▶ _Data excerpt_
*** Begin section ***

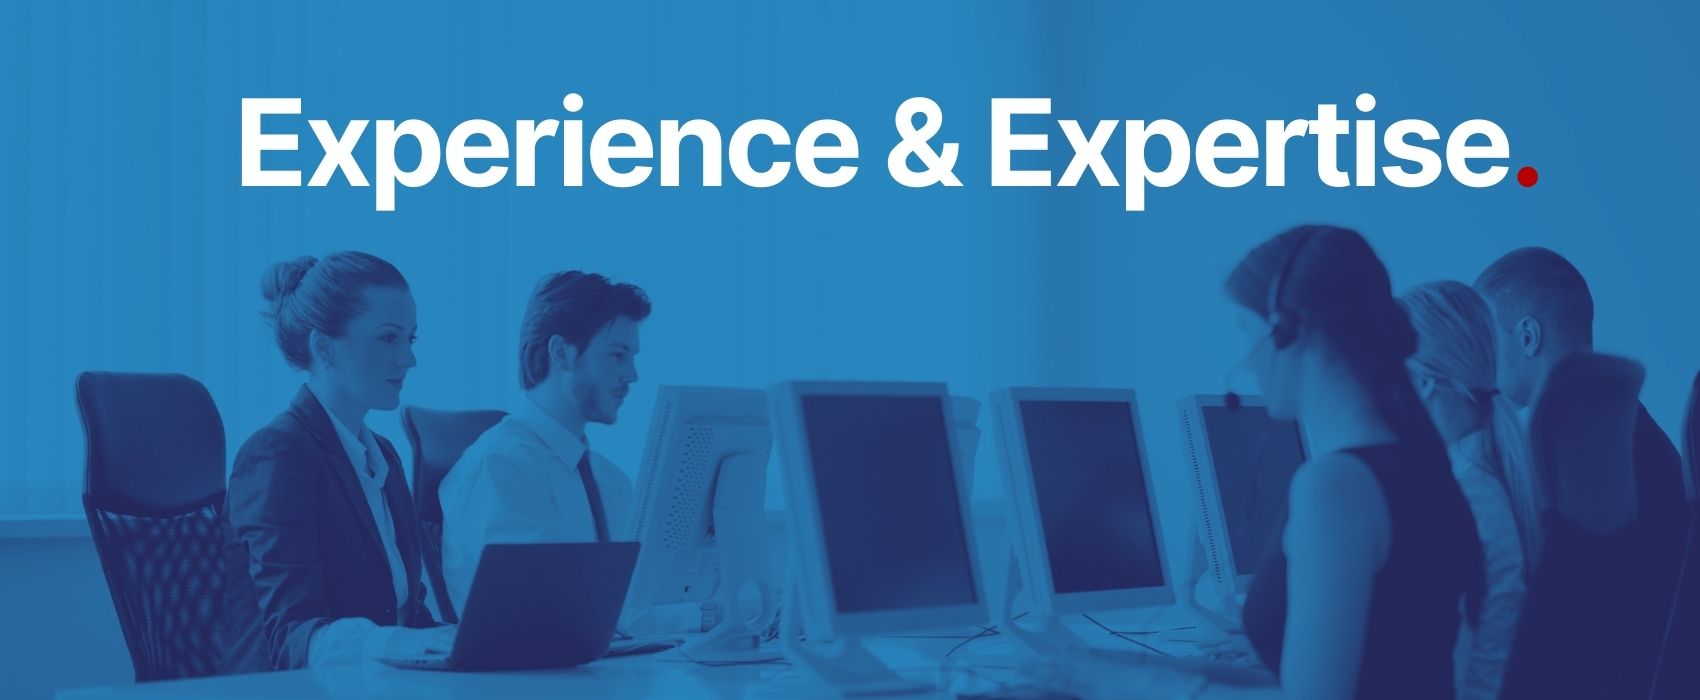 Experience & Expertise (1000 x 400 px) (1700 x 400 px) (1700 x 700 px)-2
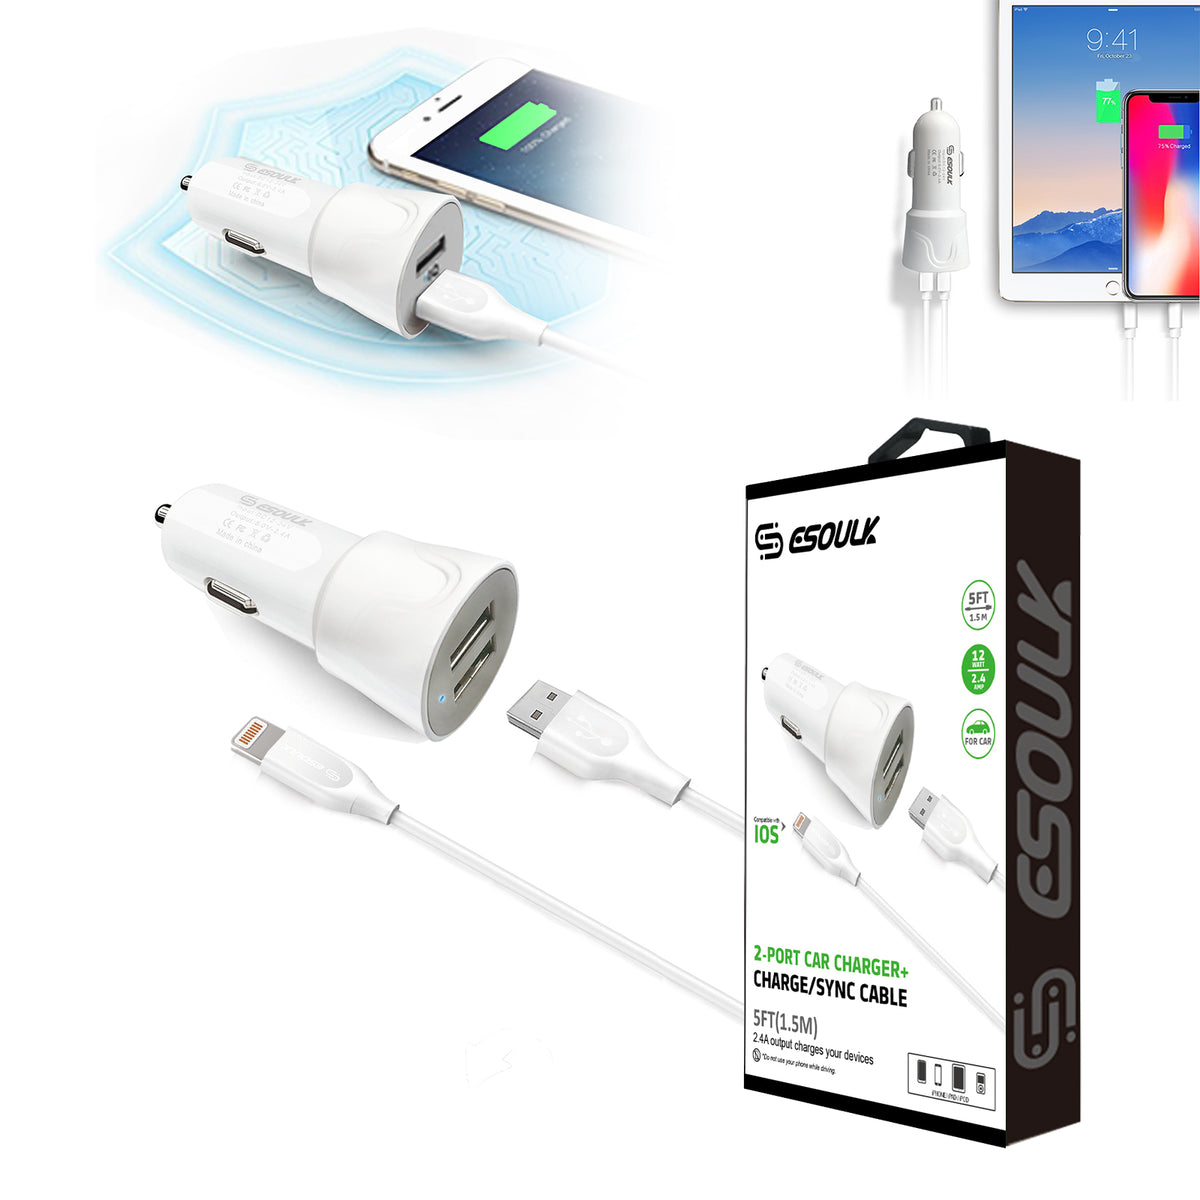 Esoulk Iphone 2-Port Car Charger with 5feet Cable - White
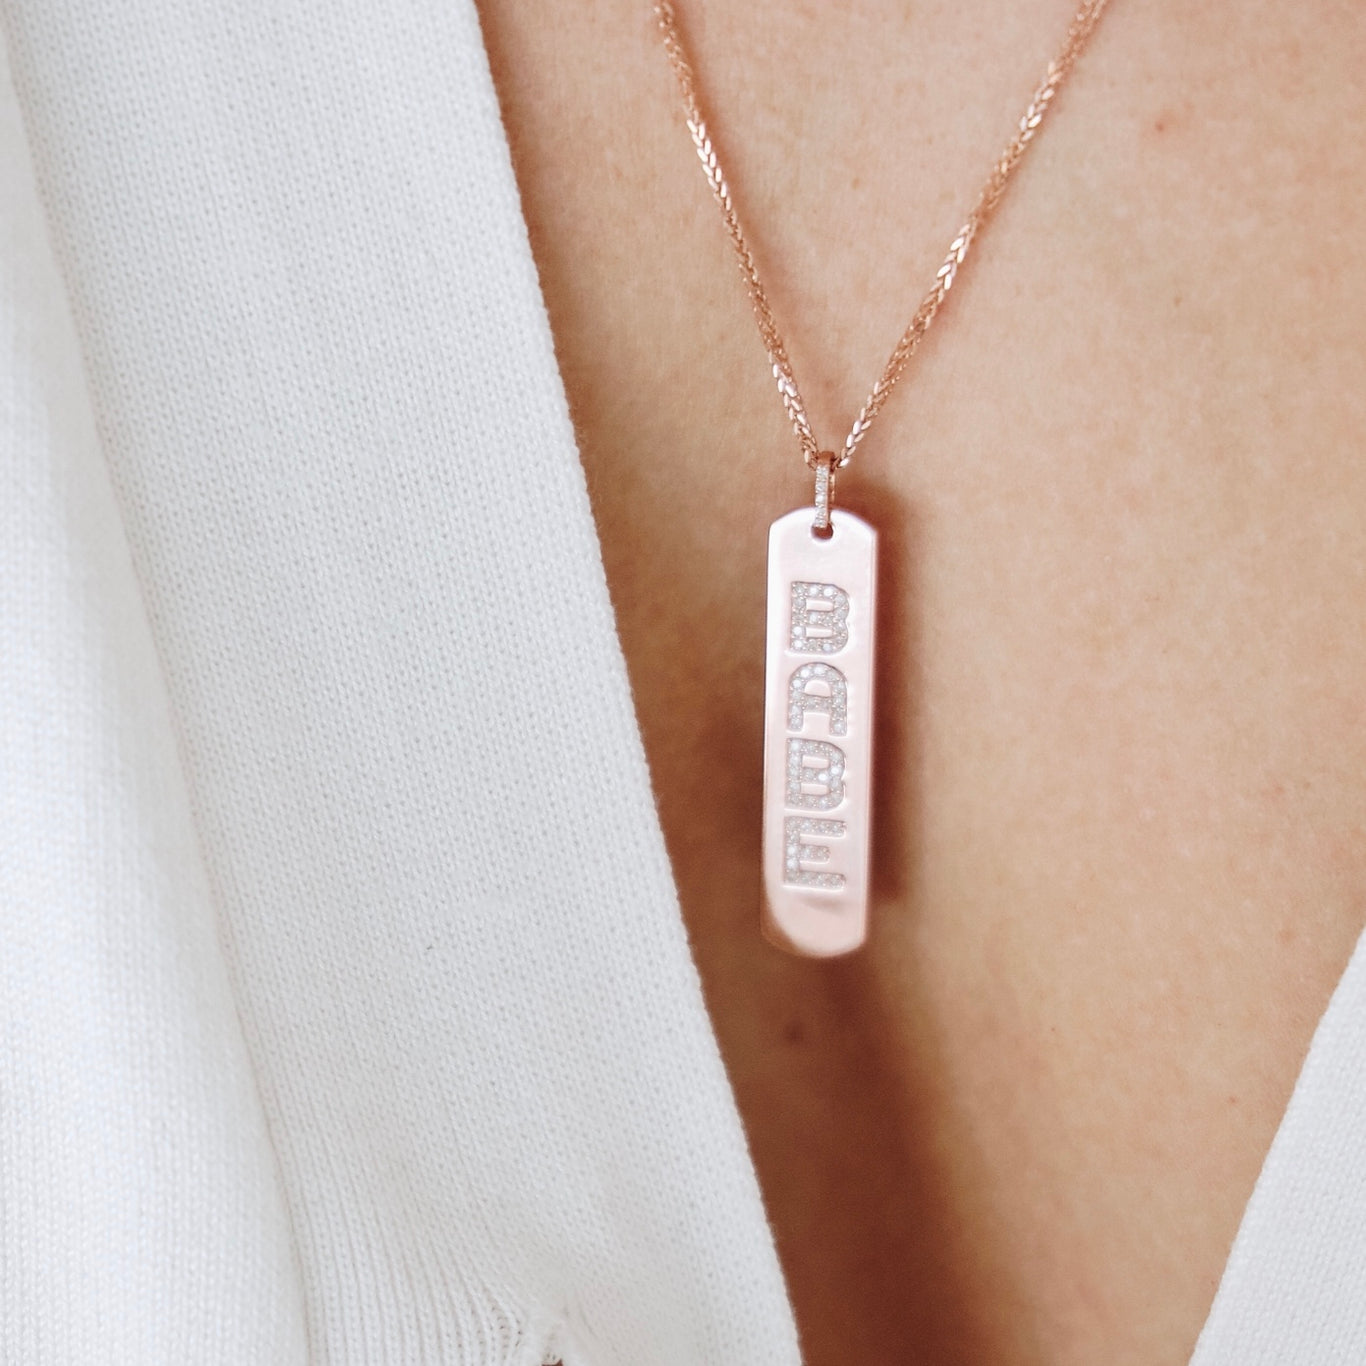 Longtag Necklace shown engraved with "Babe".

*** End section ***

▶ _Instructions for the task_
Write out the whole listing exactly as it appears, and omit the pictures.

▶ _Exercise response_
 Experience & Expertise (1000 x 400 px) (1700 x 400 px) (1700 x 700 px)-2
 Esoulk Iphone 2-Port Car Charger with 5feet Cable - White
 Longtag Necklace shown engraved with "Babe".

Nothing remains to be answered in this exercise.